Un aperçu de mon travail à cette adresse: www.dorianne-wotton.book.fr
Après avoir pratiqué, depuis l'enfance, divers modes d'expression, c'est en autodidacte et par hasard que j'ai abordé la photographie en 2007.
En proie depuis toujours à un flagrant délire de contradictions, je n'ai toujours eu de cesse de capter mes hallucinations; m'abandonner devant l'objet que je contemple, m'enivrer d'innombrables associations d'idées, conduire mon imagination dans l'incertain et l'indéterminé de sa fantaisie.
Animée par une forme de colère, une sordide détresse ironique, j'ai toujours cherché à exprimer dans mes créations une douce déception, voire un élégant malaise quant à la réalité extérieure. Le recours à différentes fioritures pour rendre ma réalité plus acceptable à des yeux trop vite heurtés est un mal parfois nécessaire... A cet égard, la photographie s'est avérée être un puissant vecteur me permettant de transcrire ces images mentales que je ne savais exprimer, de matérialiser mes visions. Elle est aussi un travail introspectif pour gérer mes démons, mes névroses; contenir mon instabilité, réprimer mes passions. Aimant la solitude inhérente à la prise de vue, la capture de l'image est rapidement devenue une grande joie physique et intellectuelle.
La photo fait rêver, elle travaille notre rêverie et notre inconscient, elle habite notre imagination et notre imaginaire. Elle nous fait basculer dans un autre espace et un autre temps. Avec la photographie, je ne raisonne pas, je rêve. Un renoncement triste et tendre; une languissante agonie. Un idéal complexe. Fouillant au fond de moi, j'essaie tant bien que mal de donner une forme à ces aspirations vagues, ces tristesses sans cause, ces émotions sans objet. Dans une société où l'immédiateté prime, j'ai choisi de figer le temps.
Mon approche photographique est principalement consacrée à la représentation de l'esthétique de la désolation. Il s'agit de montrer le monde tel que je le ressens, souligner l'obscur, le mystérieux... Pointer ce qu'on comprend de misère, de faiblesse, de banalité, de laid... Attirer le regard sur ce qui fait sens, sur ces multitudes de petites choses sur lesquelles les regards ne s'attardent pas car elles ne rentrent pas dans les codes esthétiques ou moraux. Intéresser et montrer ce que le monde peut avoir de noirceur, de douloureux, etc. Reconnaître que tout est habité par le chimérique, le fictif, l'imaginaire, l'irréel, bref le romanesque.

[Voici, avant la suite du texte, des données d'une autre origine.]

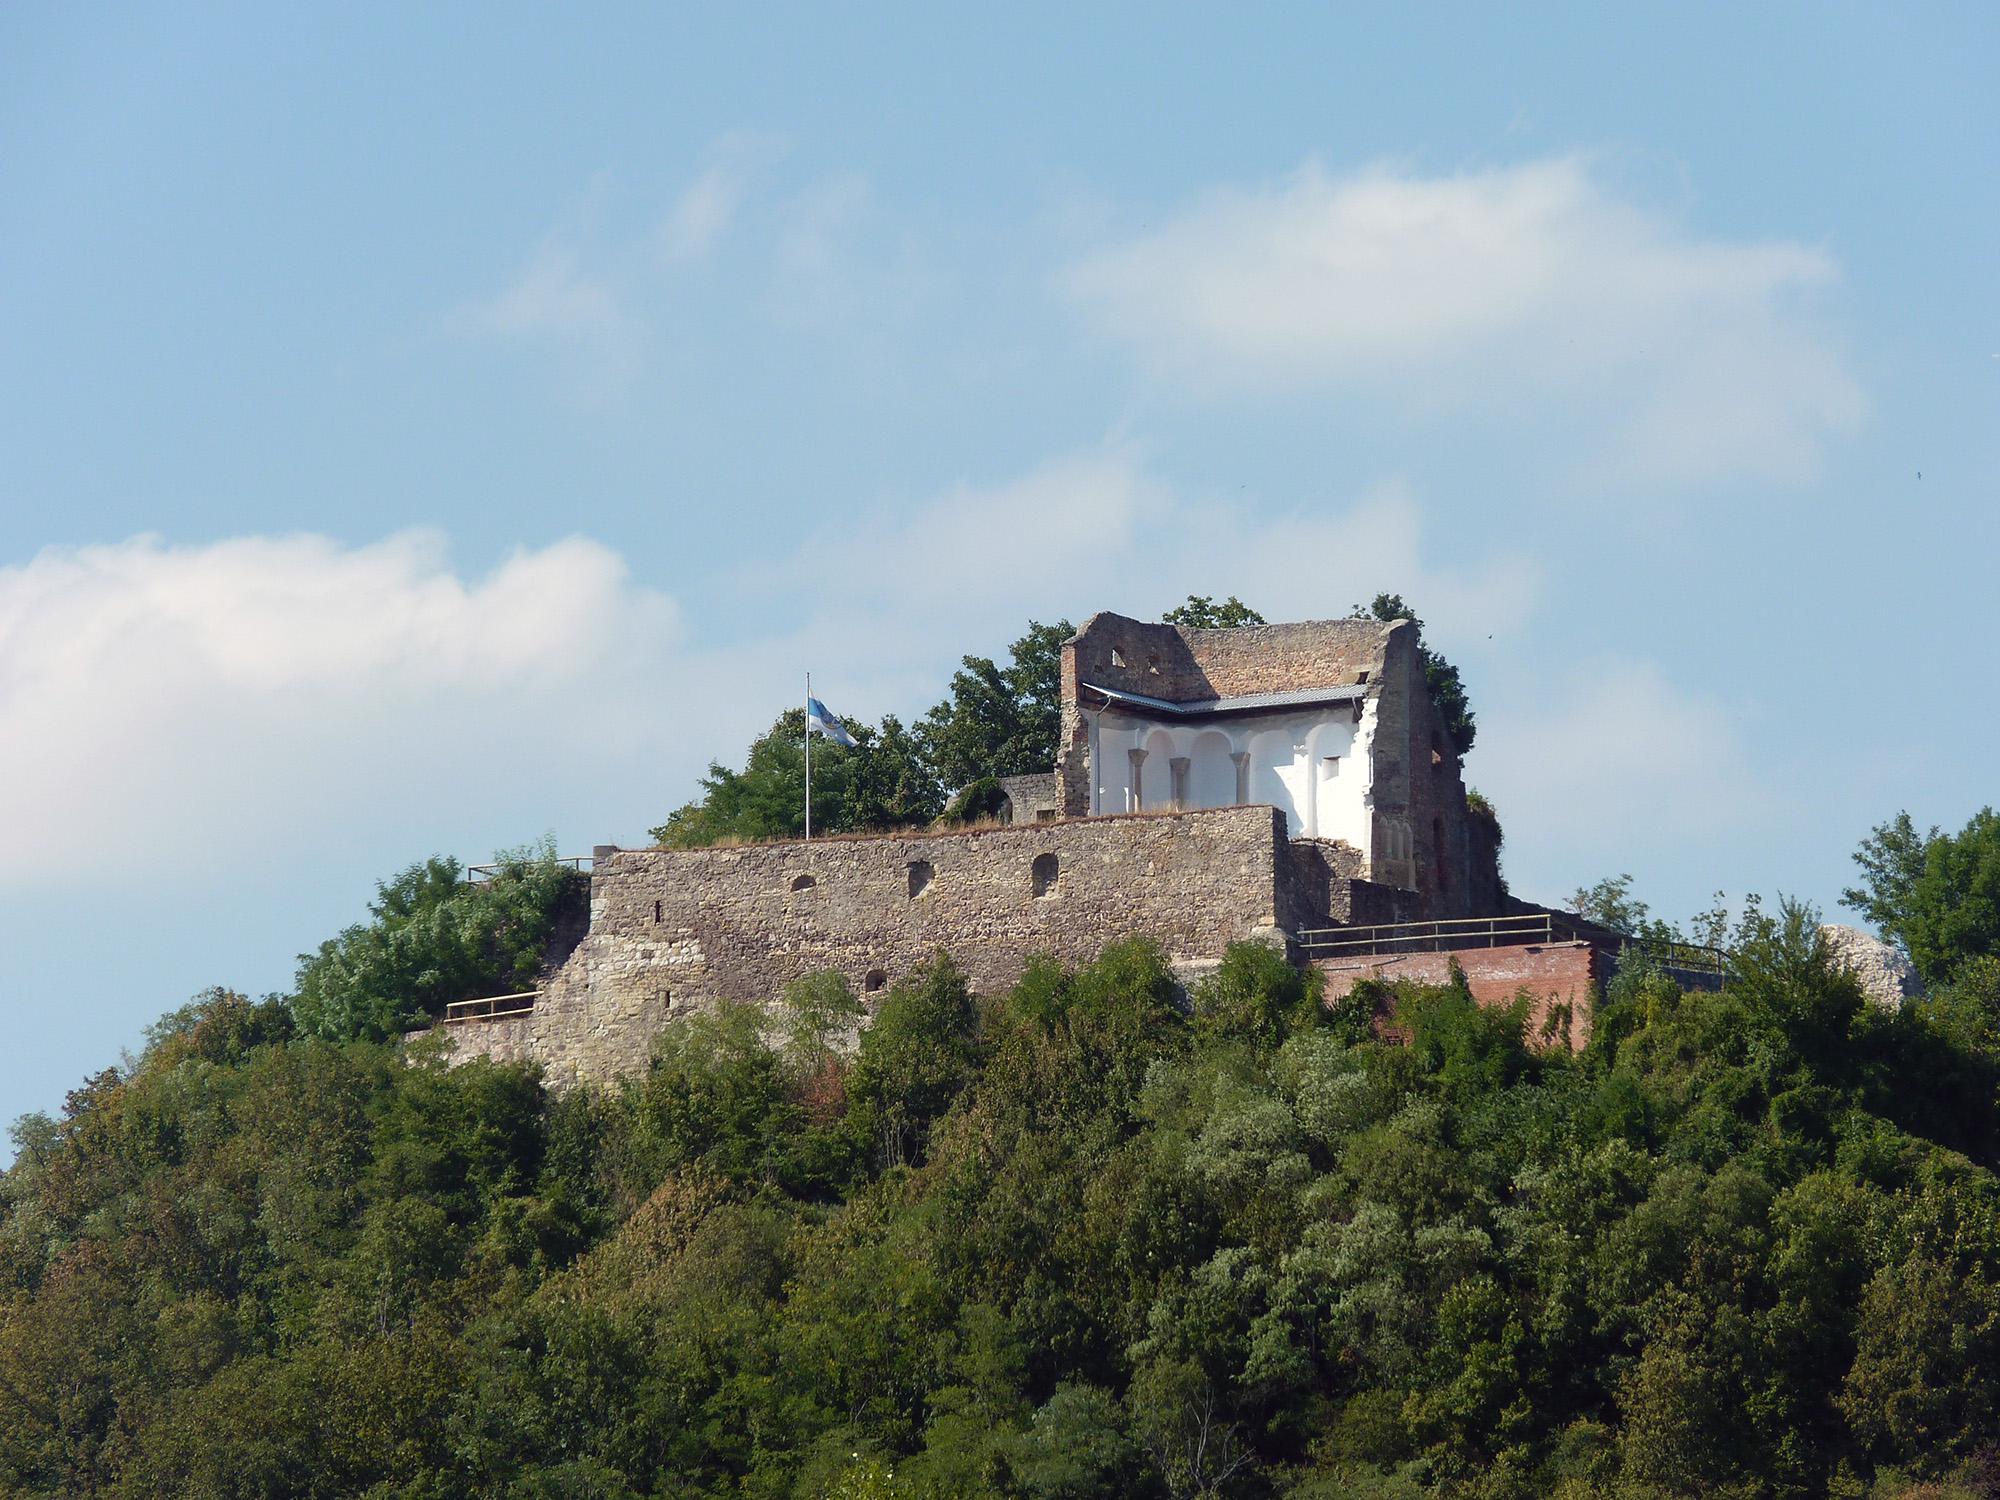 Foto: Foto der Woche #011: Burgruine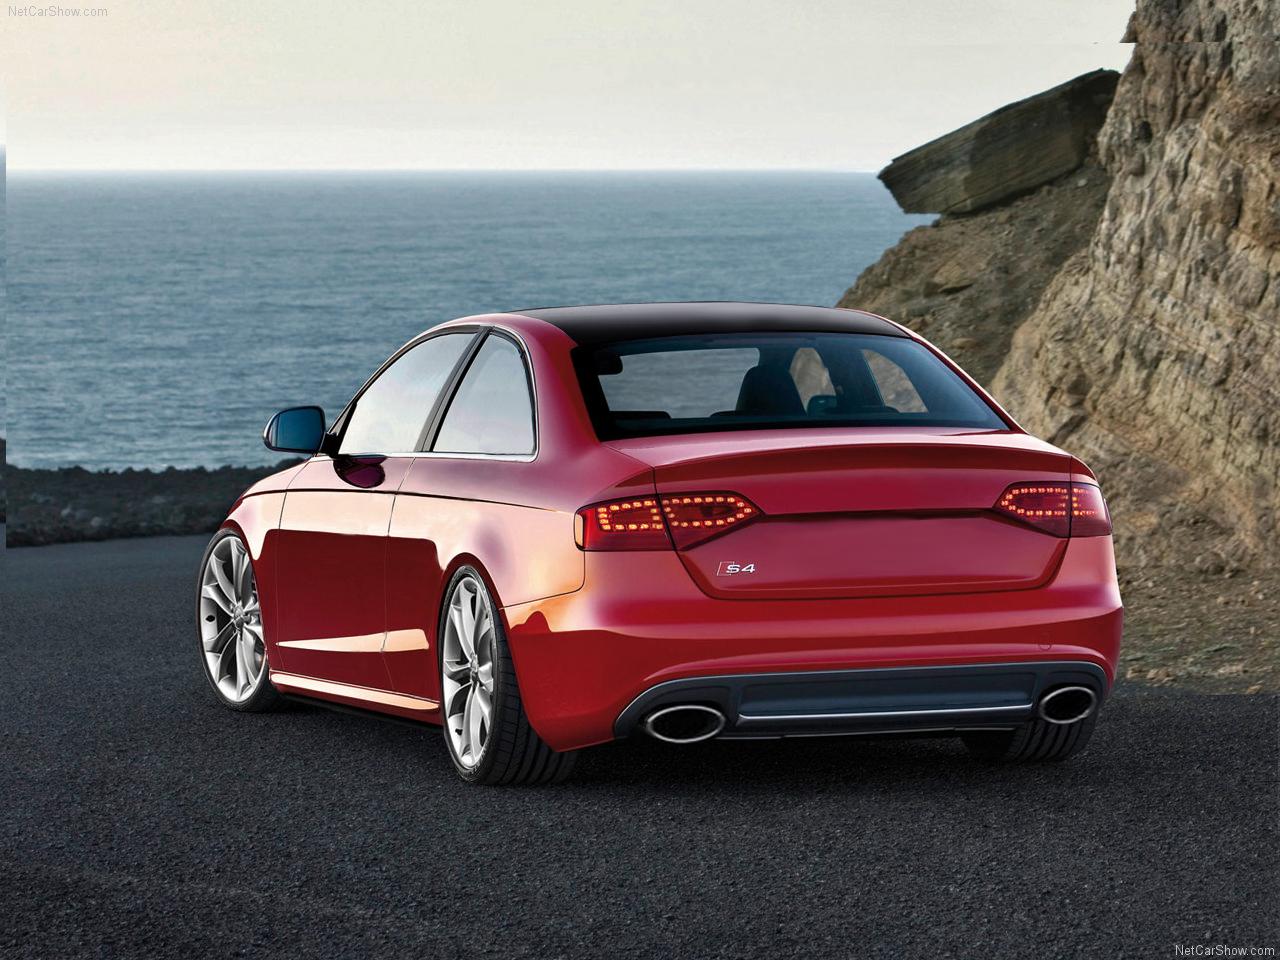 Audi s4 2009 1280x960 wallpaper 0a kopie LED Rckleuchten fr A4 1280x960

Tout devient alors potentiellement objet et sujet de mes créations, pourvu qu'ils répondent à cette démarche artistique. C'est ainsi que chaque série est une nouvelle mission, une errance, une recherche en faveur de ces images qui visent avant tout à mettre en scène l'esthétique de la désolation. Cette démarche se caractérise alors visuellement, quelque soit le sujet, par des ruptures, des discontinuités et une poïétique du décalage, du métissage et de l'amalgame.
Loin des ritournelles prétentieusement sophistiquées, loin des codes techniques et esthétiques, tout est affaire de sensations. Je ne me limite donc pas par un format photographique ou des tabous. Grain, flou, textures, surimpression, déformation, accidents. Je fais rendre tout ce qu'il peut à ce procédé.
Le moyen? L'exode mental, quelque soit sa forme et où qu'il me mène... L'exploration et la sublimation des affects les plus extrêmes...L'exaltation devant l'esthétique de la désolation que le monde et mes contemporains m'offrent quotidiennement... La confusion des genres, des valeurs et des dogmes... L'illusion de me fondre dans un autre monde, enveloppée par mes doux et oppressants compagnons narcotiques...
Le résultat? Un long et insipide prosélytisme, des anachronismes irritants, une somme d'abjections et d'arrogances devant la faune grouillante, insipide et grégaire, une hébéphrénie frivole, une fiévreuse instabilité, un caractère imperturbable, une litanie affligeante et affligée. Un oxymore incarné. Le tout et son contraire. Noir sur blanc.
Ainsi, ne reculant devant aucun dégoût, et sans sacrifier au snobisme de la « Culture » (les détails de la vie sont tellement plus enivrants!), je photographie.. Du moins, j'essaie. Reflets furtifs, échos troublés de ma conscience; miroirs déformés de la dureté, de la cruauté et de la violence impitoyable du réel; colères, songeries et paradoxes... Espérant secrètement que d'Autres partageront cette quête de (non) sens et cette apologie de la désolation.